Error mitigation of shot-to-shot fluctuations in analog quantum simulators

TL;DR

This paper introduces an error mitigation method for analog quantum simulators that suppresses shot-to-shot fluctuations, extending coherence times and improving simulation accuracy in quantum many-body systems.

Contribution

The authors propose a noise amplification and extrapolation technique to mitigate shot-to-shot parameter fluctuations in analog quantum simulators, validated experimentally and numerically.

Findings

Extended the coherence time of a 27-ion trapped-ion quantum simulator threefold.

Predicted significant enhancement of many-body coherence time in Rydberg atom arrays.

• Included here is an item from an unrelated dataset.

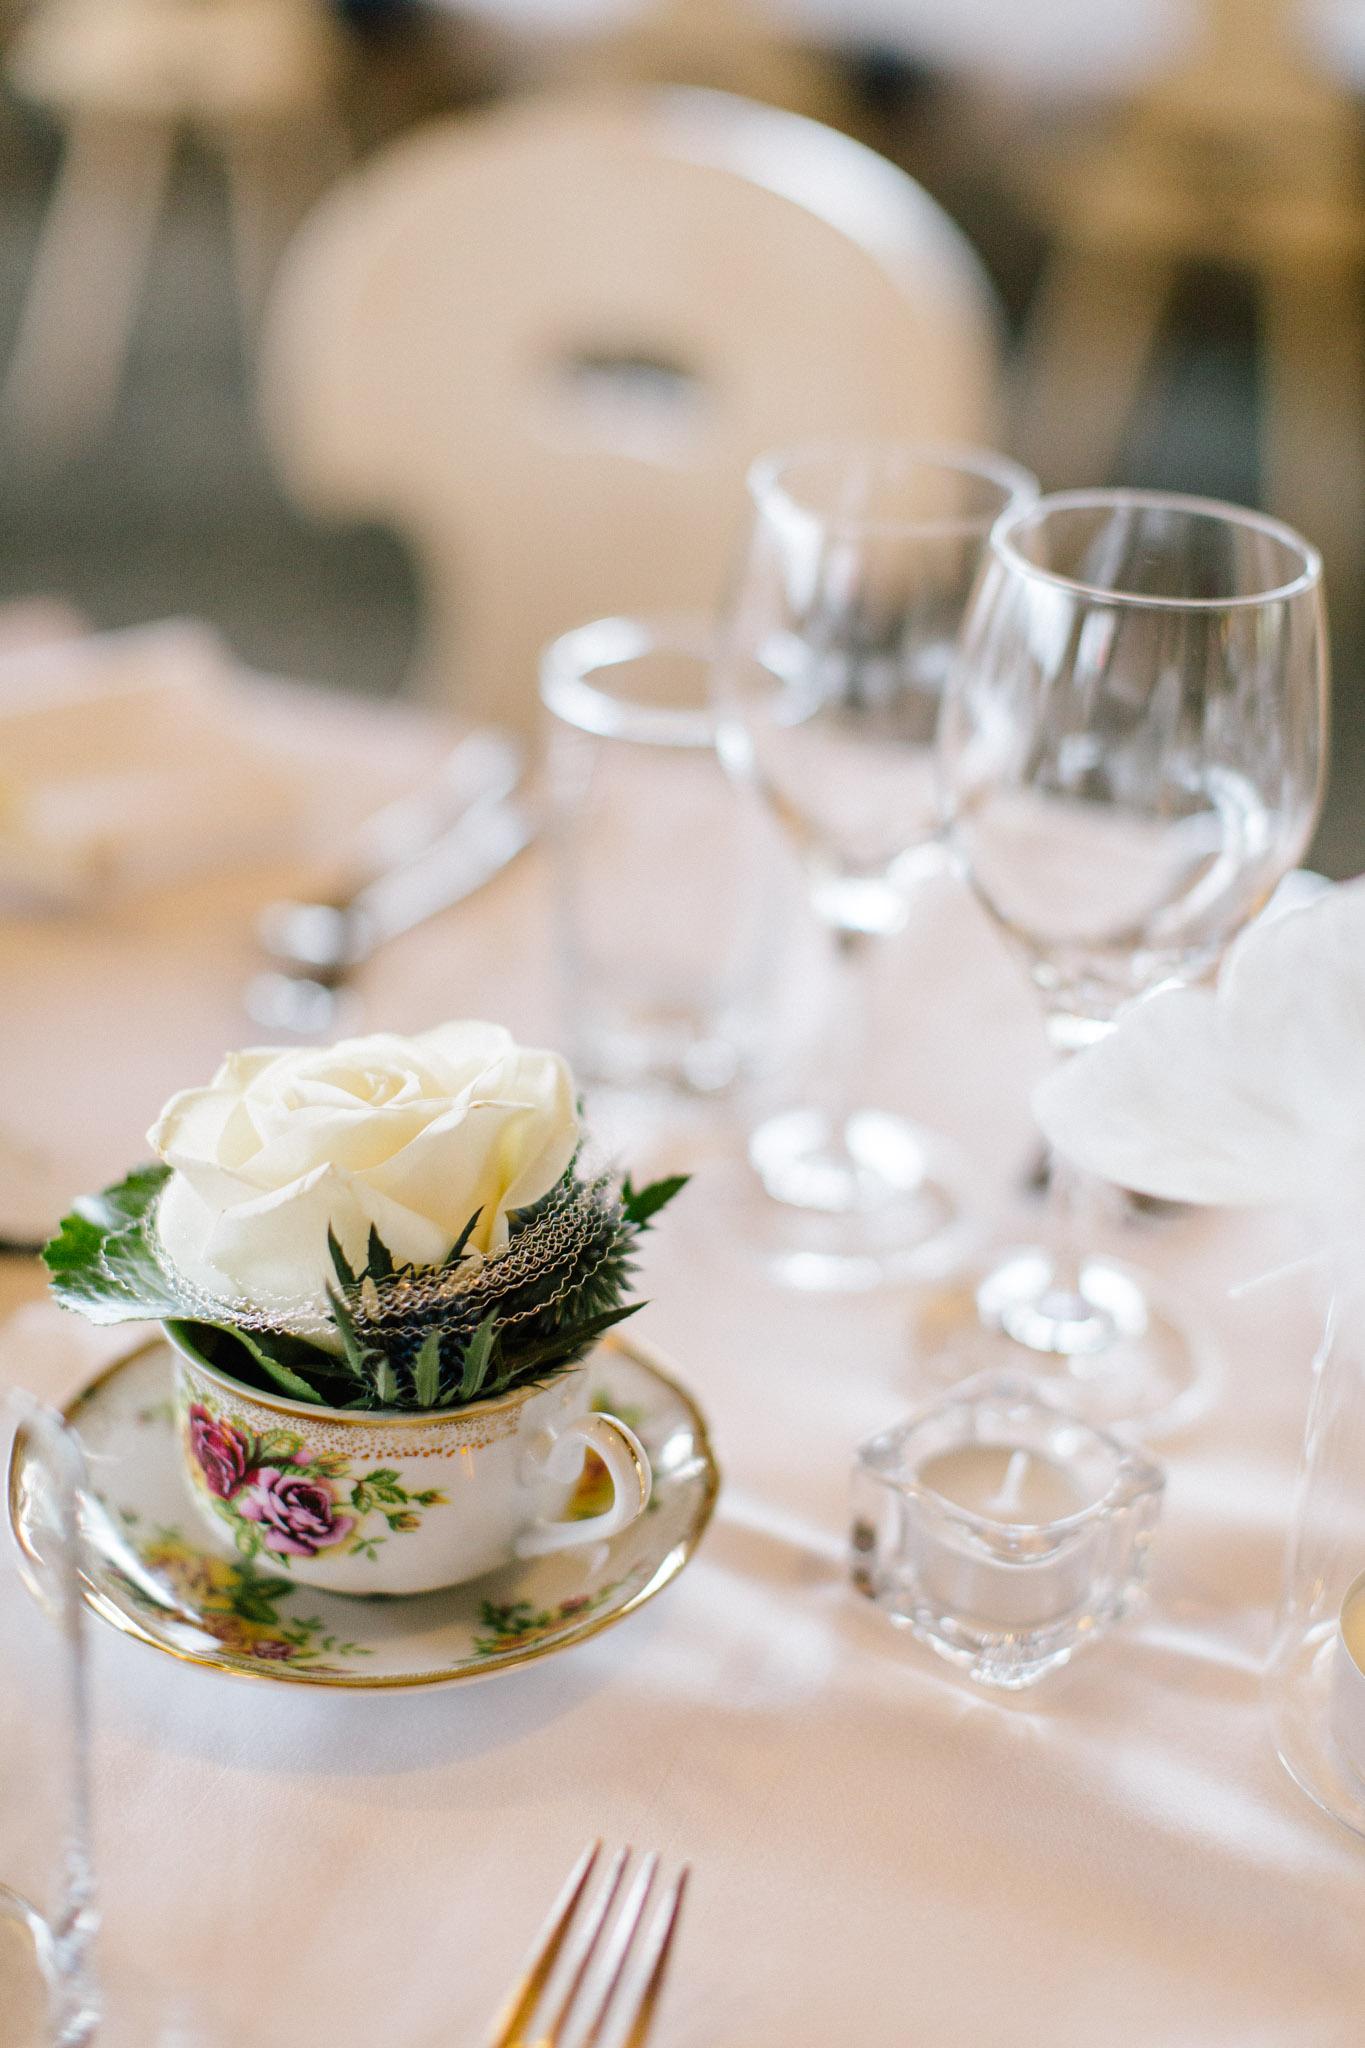 Lenl-Simmental-Buehlerhof-Pia-Anna-Christian-Wedding-Photography-EK-64.jpg

Demonstrated effective error suppression for realistic noise distributions.

Abstract

Analog quantum simulators have provided key insights into quantum many-body dynamics. However, in such systems, both coherent and incoherent errors limit their scalability, hindering simulations in regimes that challenge classical simulations. In this work, we introduce an error mitigation technique that addresses and effectively suppresses a key source of error in leading simulator platforms: shot-to-shot fluctuations in the parameters for the Hamiltonian governing the system dynamics. We rigorously prove that amplifying this shot-to-shot noise and extrapolating to the zero-noise limit recovers noiseless results for realistic noise distributions. Experimentally, we demonstrate this technique on a 27-ion trapped-ion quantum simulator, extending the two-qubit exchange oscillation lifetime threefold. Numerically, we predict a significant enhancement in the effective many-body coherence time for Rydberg atom arrays under realistic conditions. Our scheme provides a possible route towards extending the effective coherence time in analog quantum experiments, enabling deeper explorations of quantum many-body dynamics.